§ **ABOUT THIS TASK**
Below are the entries; give again exactly the lines from the one mentioning "Принцеса Мері відвідала" through the one mentioning "Велосипед ToYou розовый", inclusive.
══════════
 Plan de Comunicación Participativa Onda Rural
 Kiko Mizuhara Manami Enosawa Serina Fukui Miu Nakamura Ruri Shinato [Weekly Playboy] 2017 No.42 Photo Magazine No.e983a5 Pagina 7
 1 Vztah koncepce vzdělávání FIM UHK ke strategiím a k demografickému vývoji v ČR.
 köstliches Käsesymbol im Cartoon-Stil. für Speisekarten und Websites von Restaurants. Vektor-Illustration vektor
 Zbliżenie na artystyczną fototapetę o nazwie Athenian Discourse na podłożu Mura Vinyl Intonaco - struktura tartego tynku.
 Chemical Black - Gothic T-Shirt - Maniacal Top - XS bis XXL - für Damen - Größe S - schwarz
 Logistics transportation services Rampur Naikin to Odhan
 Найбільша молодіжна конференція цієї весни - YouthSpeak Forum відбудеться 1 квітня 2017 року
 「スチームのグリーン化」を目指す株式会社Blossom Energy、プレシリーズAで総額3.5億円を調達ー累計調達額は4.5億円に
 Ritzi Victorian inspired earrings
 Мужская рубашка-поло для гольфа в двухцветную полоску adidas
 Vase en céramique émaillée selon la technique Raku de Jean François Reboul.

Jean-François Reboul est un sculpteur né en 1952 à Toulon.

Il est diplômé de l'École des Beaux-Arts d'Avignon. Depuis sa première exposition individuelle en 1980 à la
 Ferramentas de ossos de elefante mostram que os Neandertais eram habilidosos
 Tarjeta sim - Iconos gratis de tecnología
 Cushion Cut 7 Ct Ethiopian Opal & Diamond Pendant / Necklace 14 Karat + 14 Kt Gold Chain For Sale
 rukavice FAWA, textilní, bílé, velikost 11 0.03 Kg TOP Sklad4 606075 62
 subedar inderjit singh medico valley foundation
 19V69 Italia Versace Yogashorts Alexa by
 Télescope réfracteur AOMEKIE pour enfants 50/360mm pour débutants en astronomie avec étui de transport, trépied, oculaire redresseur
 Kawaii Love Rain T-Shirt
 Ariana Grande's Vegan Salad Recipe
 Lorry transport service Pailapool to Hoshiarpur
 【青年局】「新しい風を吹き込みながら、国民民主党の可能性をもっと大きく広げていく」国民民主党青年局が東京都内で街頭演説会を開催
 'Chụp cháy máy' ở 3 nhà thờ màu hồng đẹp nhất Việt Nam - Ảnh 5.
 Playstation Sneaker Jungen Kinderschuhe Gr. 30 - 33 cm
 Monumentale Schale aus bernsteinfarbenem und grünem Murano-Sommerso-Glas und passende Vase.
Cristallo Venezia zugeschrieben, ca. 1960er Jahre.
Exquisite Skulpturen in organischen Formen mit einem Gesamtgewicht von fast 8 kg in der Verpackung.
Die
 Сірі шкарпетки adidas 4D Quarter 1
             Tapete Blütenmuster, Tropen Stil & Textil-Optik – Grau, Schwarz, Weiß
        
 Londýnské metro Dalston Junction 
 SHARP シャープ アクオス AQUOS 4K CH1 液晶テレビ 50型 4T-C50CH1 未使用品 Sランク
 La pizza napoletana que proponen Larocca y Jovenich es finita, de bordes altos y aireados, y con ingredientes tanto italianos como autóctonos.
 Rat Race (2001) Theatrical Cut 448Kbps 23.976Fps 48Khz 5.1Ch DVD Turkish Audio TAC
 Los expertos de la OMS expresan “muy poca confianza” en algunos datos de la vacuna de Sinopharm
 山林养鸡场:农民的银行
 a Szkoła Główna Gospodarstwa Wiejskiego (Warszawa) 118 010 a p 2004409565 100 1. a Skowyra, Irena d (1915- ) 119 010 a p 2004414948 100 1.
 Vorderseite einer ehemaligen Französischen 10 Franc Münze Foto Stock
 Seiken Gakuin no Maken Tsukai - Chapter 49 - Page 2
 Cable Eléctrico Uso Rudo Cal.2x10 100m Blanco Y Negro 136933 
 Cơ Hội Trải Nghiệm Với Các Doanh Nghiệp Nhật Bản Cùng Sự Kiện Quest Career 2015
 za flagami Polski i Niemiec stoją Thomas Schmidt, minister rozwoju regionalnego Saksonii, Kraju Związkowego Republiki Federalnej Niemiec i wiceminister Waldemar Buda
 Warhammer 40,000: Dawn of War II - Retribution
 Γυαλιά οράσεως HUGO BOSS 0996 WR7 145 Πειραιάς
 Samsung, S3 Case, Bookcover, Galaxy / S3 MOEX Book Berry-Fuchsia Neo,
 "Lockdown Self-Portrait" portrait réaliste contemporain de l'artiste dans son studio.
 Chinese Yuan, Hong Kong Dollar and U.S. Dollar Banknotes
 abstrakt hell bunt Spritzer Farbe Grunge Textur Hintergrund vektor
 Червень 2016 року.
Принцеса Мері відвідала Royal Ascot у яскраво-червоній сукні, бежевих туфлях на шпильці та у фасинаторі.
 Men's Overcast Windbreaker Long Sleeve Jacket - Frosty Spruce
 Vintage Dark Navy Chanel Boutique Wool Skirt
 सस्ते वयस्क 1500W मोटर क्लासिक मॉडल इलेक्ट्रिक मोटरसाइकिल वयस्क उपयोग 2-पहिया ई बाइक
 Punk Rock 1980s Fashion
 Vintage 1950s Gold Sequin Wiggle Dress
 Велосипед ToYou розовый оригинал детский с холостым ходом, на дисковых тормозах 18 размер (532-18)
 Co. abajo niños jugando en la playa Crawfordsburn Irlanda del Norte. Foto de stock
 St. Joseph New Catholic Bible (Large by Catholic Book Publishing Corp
══════════
§ **RESPONSE TO THIS EXERCISE**
Принцеса Мері відвідала Royal Ascot у яскраво-червоній сукні, бежевих туфлях на шпильці та у фасинаторі.
 Men's Overcast Windbreaker Long Sleeve Jacket - Frosty Spruce
 Vintage Dark Navy Chanel Boutique Wool Skirt
 सस्ते वयस्क 1500W मोटर क्लासिक मॉडल इलेक्ट्रिक मोटरसाइकिल वयस्क उपयोग 2-पहिया ई बाइक
 Punk Rock 1980s Fashion
 Vintage 1950s Gold Sequin Wiggle Dress
 Велосипед ToYou розовый оригинал детский с холостым ходом, на дисковых тормозах 18 размер (532-18)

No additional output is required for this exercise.